The problem: The answer is the line with "Banner in support of Edward Snowden" and every line after it to the end of the listing, retyped exactly. Pictures do not belong in it.

Dataset extract:
┄┄┄┄┄┄
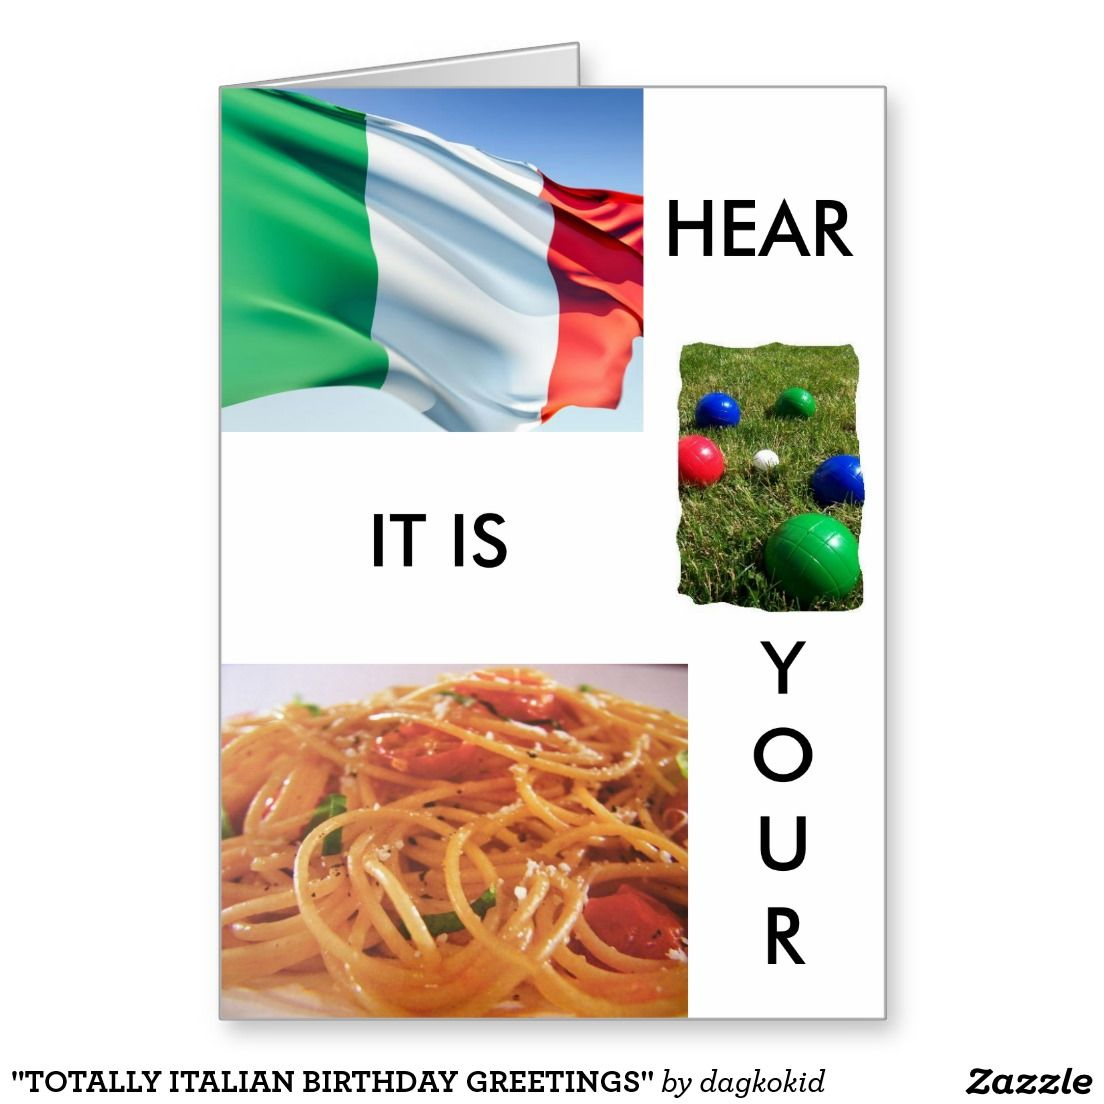 TOTALLY ITALIAN BIRTHDAY GREETINGS GREETING CARD – Italian Birthday Card
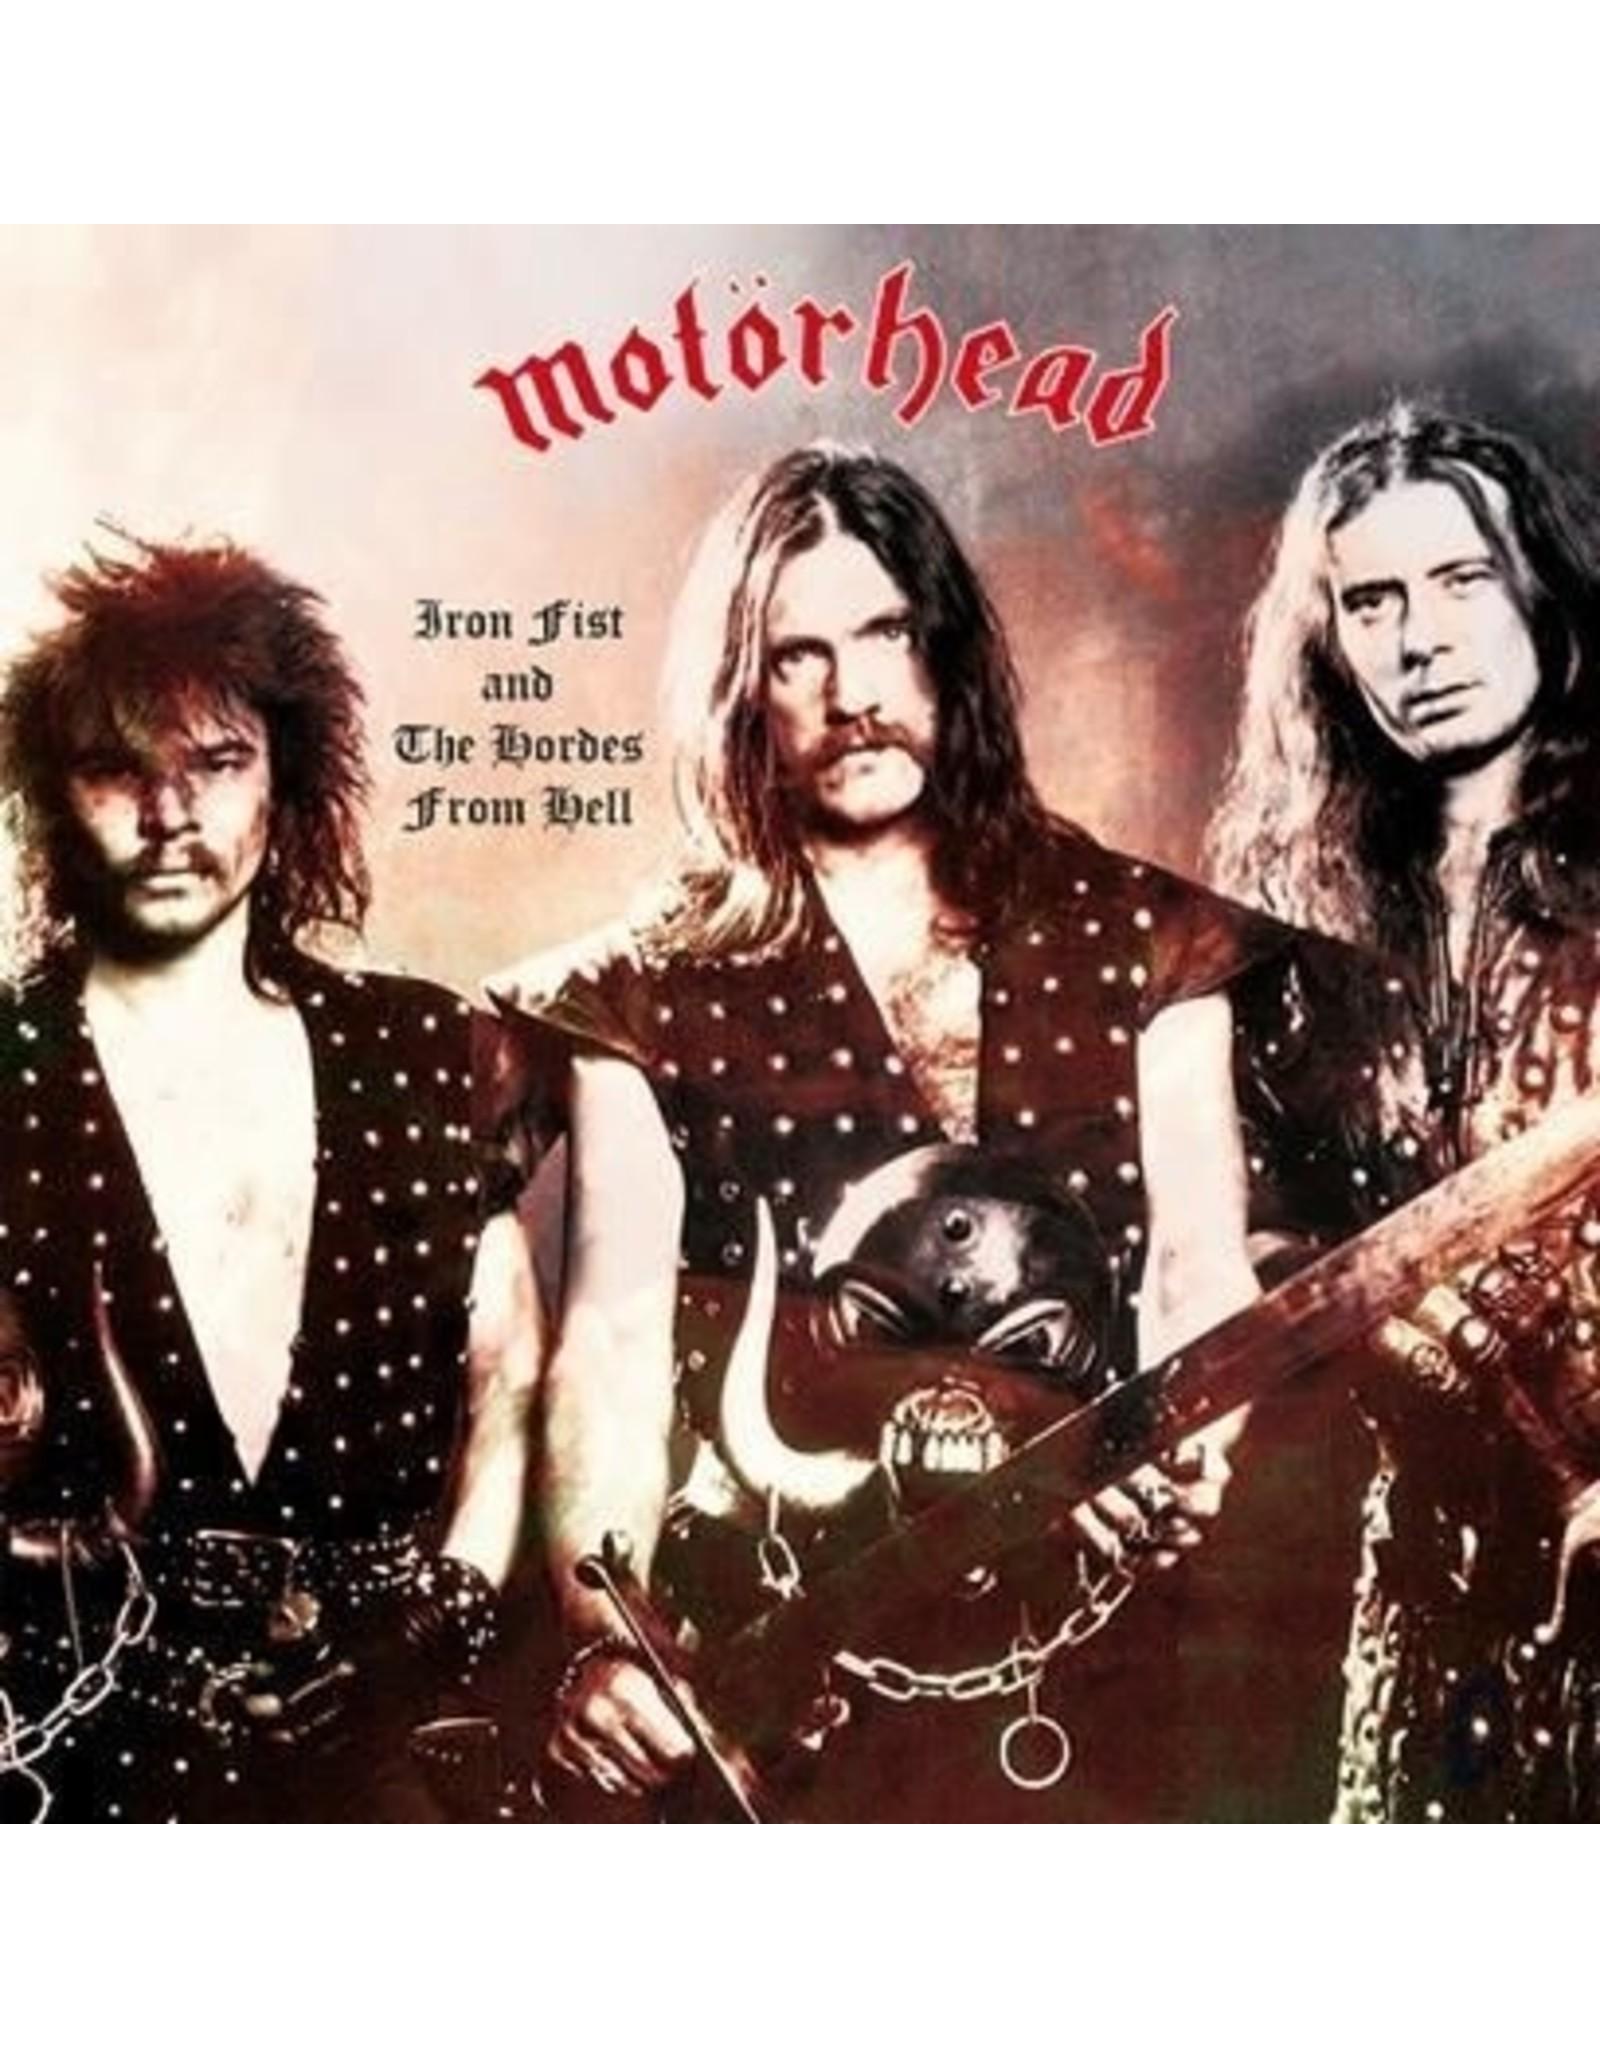 New Vinyl Motorhead - Iron Fist & The Hordes From Hell LP
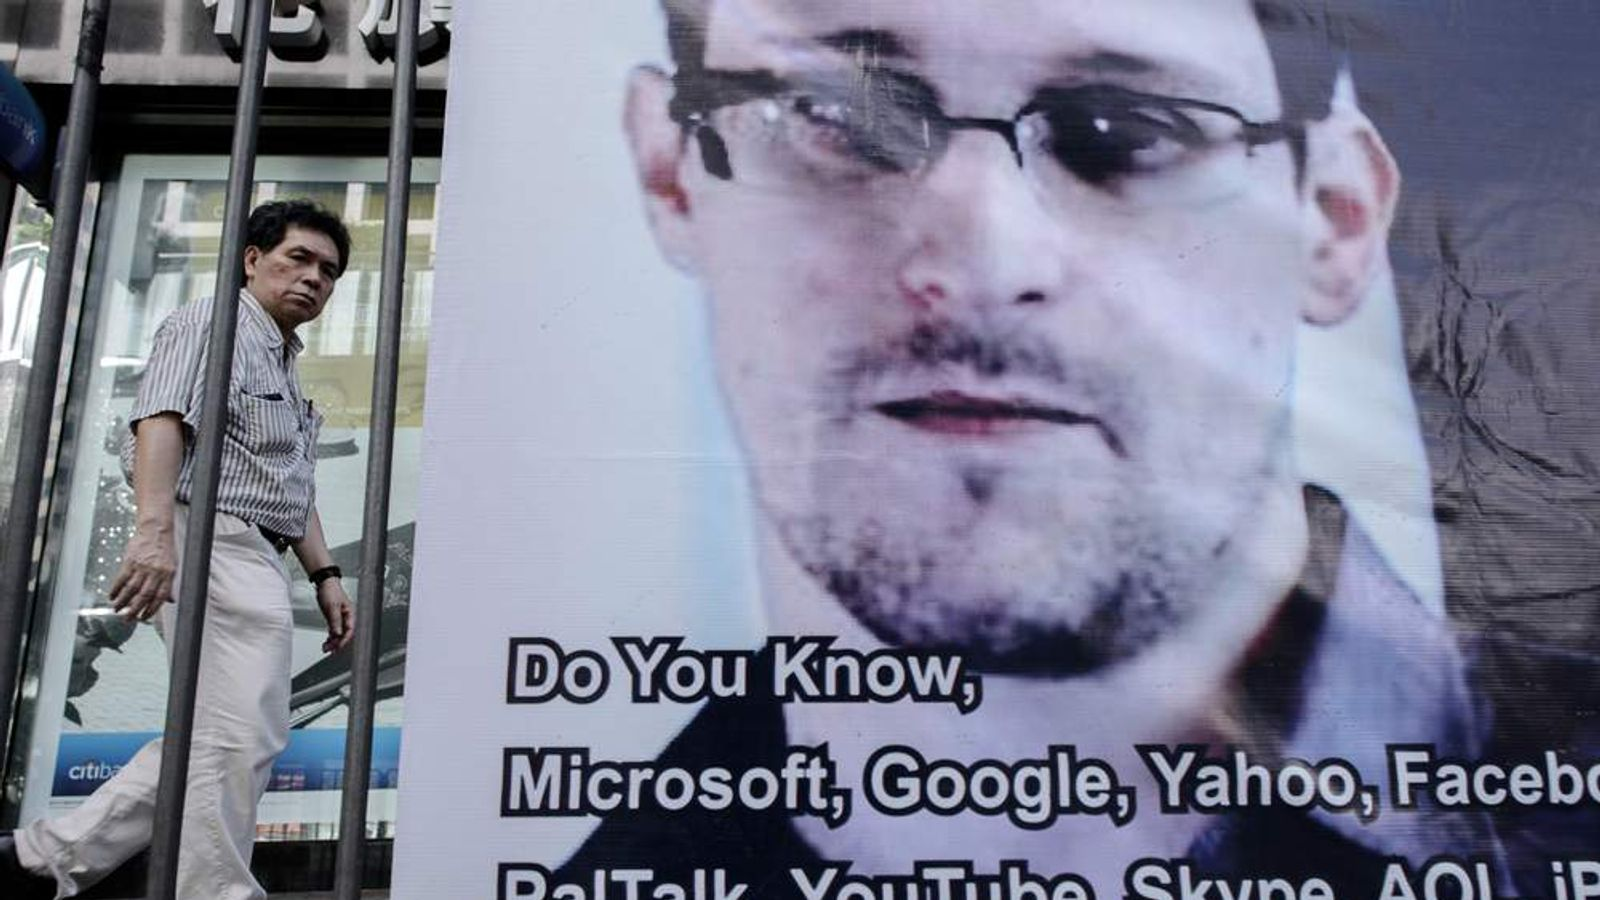 Banner in support of Edward Snowden
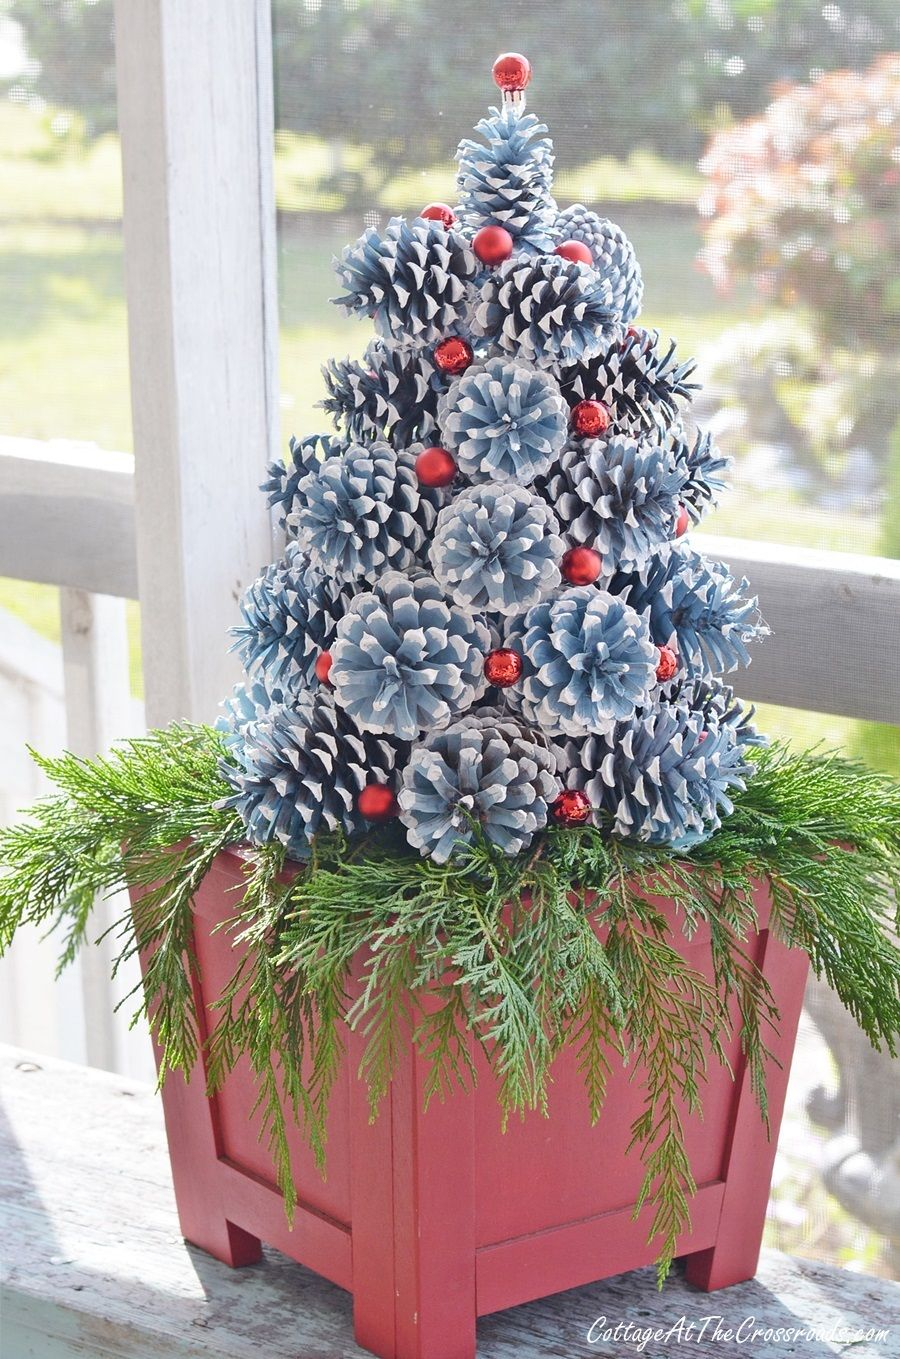 How to Make Pine Cone Christmas Trees | Pine cone christmas decorations, Diy christmas tree ...
┄┄┄┄┄┄
Finished exercise:
 Banner in support of Edward Snowden
 How to Make Pine Cone Christmas Trees | Pine cone christmas decorations, Diy christmas tree ...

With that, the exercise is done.